Roseal told me at first that they were orphans, that I was their new mother.

I can’t touch a human without them growing boils and lesions, and yet the angel wanted me to play Mother Goose to a brood of fledgling titans.

I pushed him and pushed him, and finally after he bestowed tiny Ping upon me, swaddling clothes and all, he amended his previous assertion. I was their protector.

They were being preserved, like me. Like pigs fed and fattened until slaughter. To be saved for later use.

A thousand years ago, I might have been furious on their behalf.

But I don’t have the energy for anger anymore.

I did as Roseal commanded and shepherded them through adolescence, guiding from afar. I wouldn’t have called myself a mother. For their formative years, I hardly spoke to them, though they spoke plenty amongst themselves. I was a silent figure, a barely adult guardian that ushered them to and fro, feeding them, bathing them, tucking them in at night, reading the occasional story.

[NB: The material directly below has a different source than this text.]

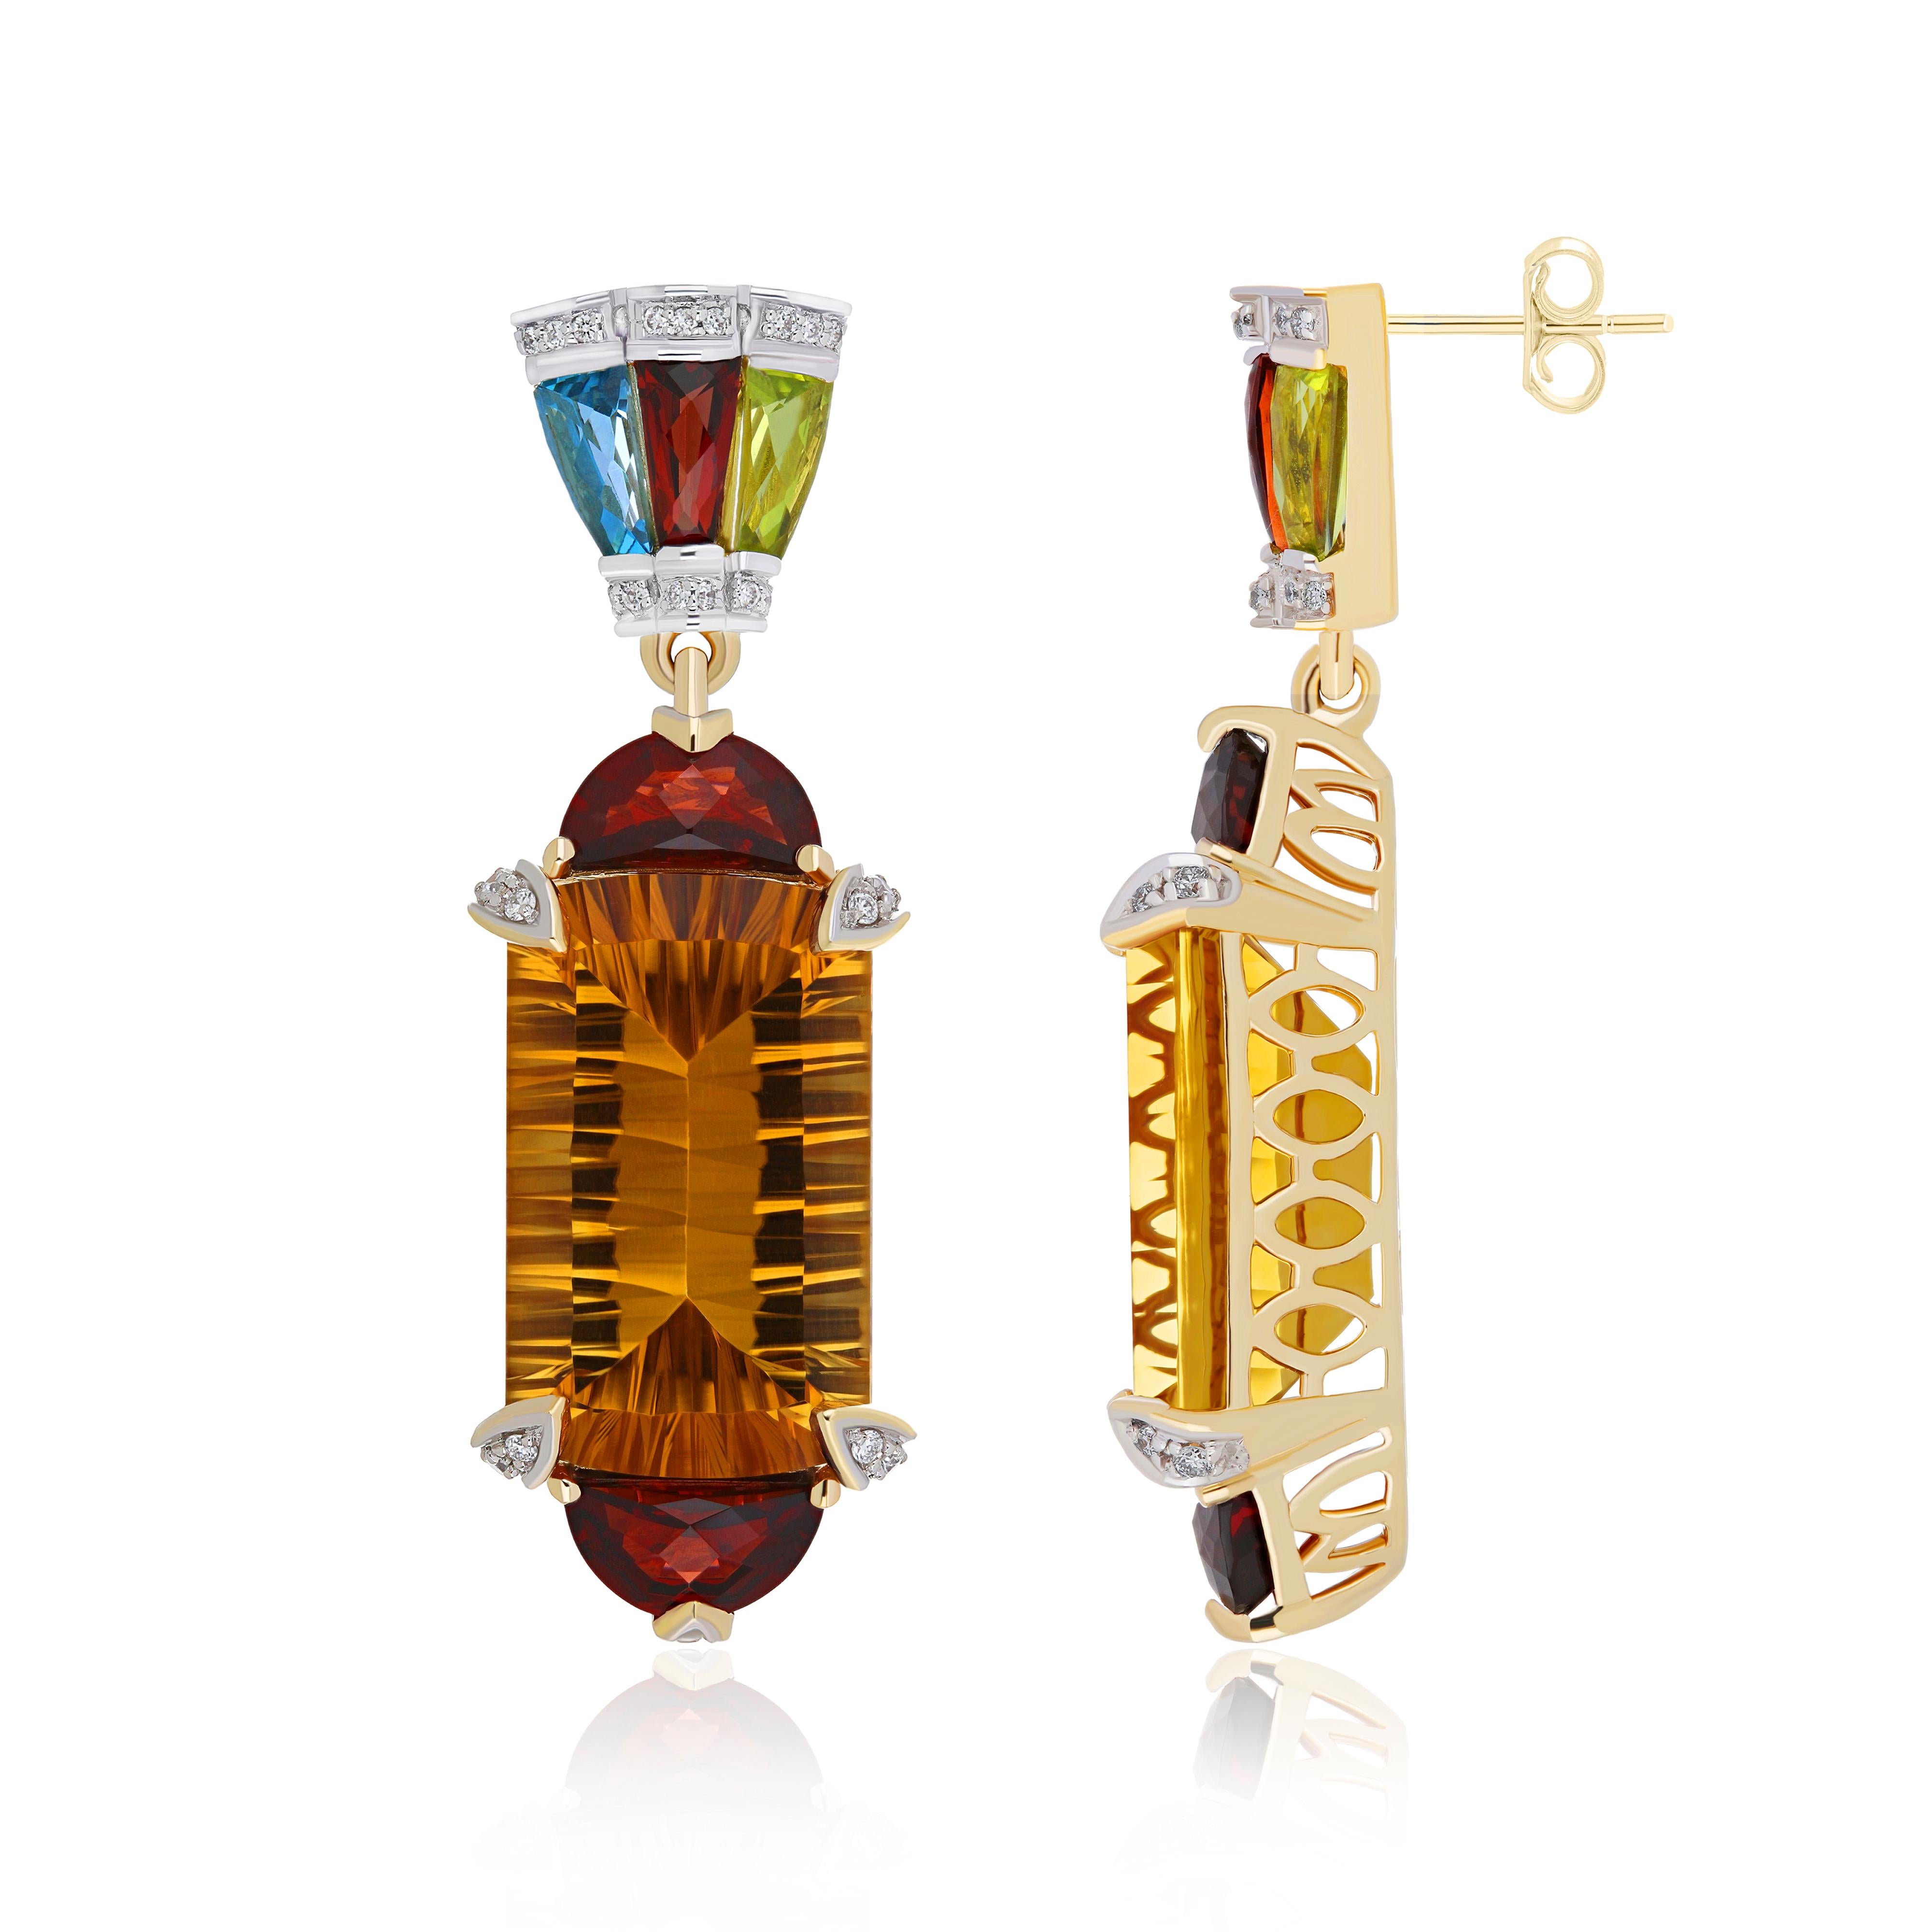 Elegant and Exquisitely Detailed 14 Karat Yellow Gold Earring, Centre Set with 19.50 Cts. (approx.) Fancy Shape Citrine, accented with D shape Garnet weighing approx 4.34Cts, Tapper Baguette Swiss Blue Topaz with 0.68Cts(approx.), Tapper Baguette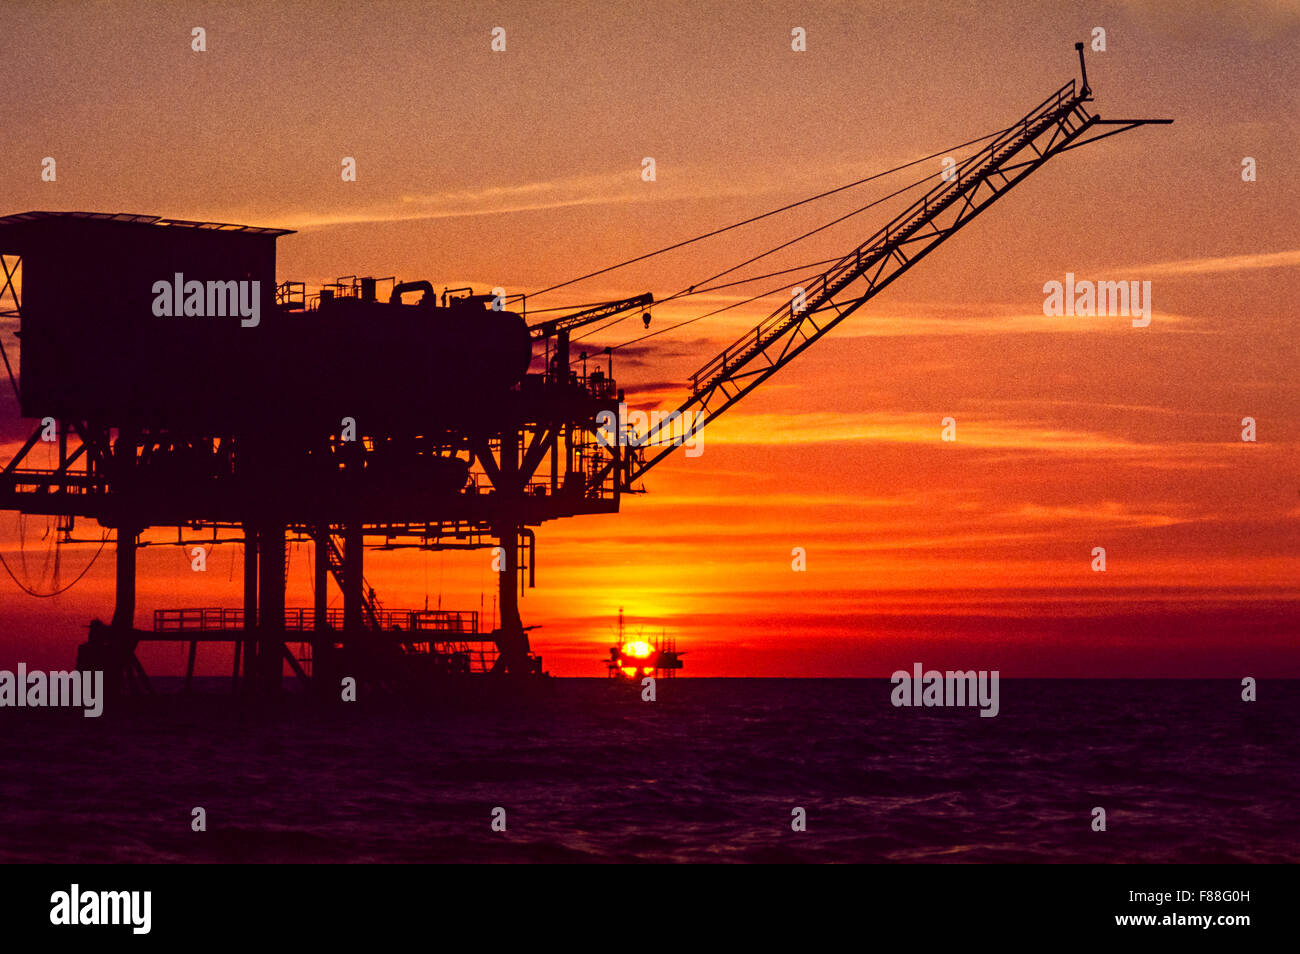 Offshore oil drilling rig with rising sun, Philippines, South East Asia Stock Photo

I had to adjust my dress for them. I wore linens, ribbons, bandages, covered up any skin they might accidentally touch. I brought out my old headscarf when they all became fond of pulling my hair. I put posy in my pockets every day so the smell of rot wouldn't overwhelm them. I learned rudimentary Hindu, Chinese, Inuit, and Creole to communicate with each of them, as well as taught them English and Hebrew, to allow us all to converse together. I thought that my gaunt, decrepit appearance would have made them perpetually terrified of me. But I couldn’t have been more wrong. They seemed only to be cautious around me, like I was a fragile ragdoll that must be handled gently.

I never tried to mother them, up until now. I just tried to look after them in the most rudimentary sense. Yet now, 12, 13, 14, and 15 years old, they’re normal kids. I did that.

I didn’t try to do anything besides make sure they didn’t die in their sleep, yet somehow, they willed me to be their mother anyway.

They are the kindest, sweetest, wisest, most insightful children one could ever ask for. And now I’m going to lose them, all because Roseal and his archangels are too busy circle jerking to do their own damn work, and want to send children to do their duty. It’s not fair.

A boy came with him today. The first time I’ve seen someone close to my age.

Roseal said he was like me… A demi-god. A halfling.

A back-up plan. In case my titans don’t work.

His name was Arnie.

He was quiet.

My hovel has been more crowded in the last couple days than it has in thousands of years. Roseal seems to want to give the world to me, to bring it to me, into my cage.

He doesn’t understand that all I want is to see the sun and the moon, to feel the rain and the wind. I want my children to live a real life. The walls of this attic are not the ends of the earth, and they will never know that until they are allowed to leave.

Arnie brings tidings from the Outside.

He tells me I am foolish. That he would switch places with me gladly, to hide from the world, to be safe, alone, in the dark.

I don’t tell him that what he’s running from isn’t in the big scary world, it’s waiting for him in the mirror. I don’t mention to him that it will find him no matter where he hides.

All I tell him is:

“Facing the world is a privilege I have never had.”

A privilege, for me. A duty and burden for my children.

Soon I will be alone again.

But if there is one last stand I can make, I will take it.

I will protect my kids.
Her name is Meridan. She is known to everyone else as The Plagues.